* **EXERCISE DIRECTIONS**
Each line from the line containing "Ruokailu Valtimolla Majatalo" through the last line of the entries is to be reproduced exactly as it stands.

Dataset excerpts

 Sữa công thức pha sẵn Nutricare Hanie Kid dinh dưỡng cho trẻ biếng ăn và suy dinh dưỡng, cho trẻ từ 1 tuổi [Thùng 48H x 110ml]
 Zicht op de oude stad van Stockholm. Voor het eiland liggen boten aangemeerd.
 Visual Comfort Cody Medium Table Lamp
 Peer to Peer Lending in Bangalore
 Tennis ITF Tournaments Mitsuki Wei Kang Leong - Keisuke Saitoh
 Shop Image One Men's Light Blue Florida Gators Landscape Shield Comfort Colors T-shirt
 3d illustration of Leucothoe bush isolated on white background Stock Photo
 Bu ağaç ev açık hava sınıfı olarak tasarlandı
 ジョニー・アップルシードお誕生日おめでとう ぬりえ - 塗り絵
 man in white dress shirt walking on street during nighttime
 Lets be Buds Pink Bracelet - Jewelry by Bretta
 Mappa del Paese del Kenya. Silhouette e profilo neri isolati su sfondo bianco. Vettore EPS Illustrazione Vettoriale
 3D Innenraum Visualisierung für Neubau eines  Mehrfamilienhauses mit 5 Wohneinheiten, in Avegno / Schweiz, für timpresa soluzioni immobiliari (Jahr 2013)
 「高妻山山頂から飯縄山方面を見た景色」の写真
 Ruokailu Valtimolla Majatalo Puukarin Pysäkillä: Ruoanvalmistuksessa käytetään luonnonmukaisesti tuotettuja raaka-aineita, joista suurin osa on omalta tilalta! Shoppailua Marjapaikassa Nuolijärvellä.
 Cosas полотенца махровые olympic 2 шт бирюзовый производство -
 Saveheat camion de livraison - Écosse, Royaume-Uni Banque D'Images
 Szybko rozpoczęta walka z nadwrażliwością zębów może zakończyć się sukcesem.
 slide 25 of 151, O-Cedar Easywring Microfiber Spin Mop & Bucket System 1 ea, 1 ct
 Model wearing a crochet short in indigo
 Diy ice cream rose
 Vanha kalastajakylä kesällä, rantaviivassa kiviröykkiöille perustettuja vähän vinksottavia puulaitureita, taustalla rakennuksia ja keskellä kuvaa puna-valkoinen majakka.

* **TASK SOLUTION**
 Ruokailu Valtimolla Majatalo Puukarin Pysäkillä: Ruoanvalmistuksessa käytetään luonnonmukaisesti tuotettuja raaka-aineita, joista suurin osa on omalta tilalta! Shoppailua Marjapaikassa Nuolijärvellä.
 Cosas полотенца махровые olympic 2 шт бирюзовый производство -
 Saveheat camion de livraison - Écosse, Royaume-Uni Banque D'Images
 Szybko rozpoczęta walka z nadwrażliwością zębów może zakończyć się sukcesem.
 slide 25 of 151, O-Cedar Easywring Microfiber Spin Mop & Bucket System 1 ea, 1 ct
 Model wearing a crochet short in indigo
 Diy ice cream rose
 Vanha kalastajakylä kesällä, rantaviivassa kiviröykkiöille perustettuja vähän vinksottavia puulaitureita, taustalla rakennuksia ja keskellä kuvaa puna-valkoinen majakka.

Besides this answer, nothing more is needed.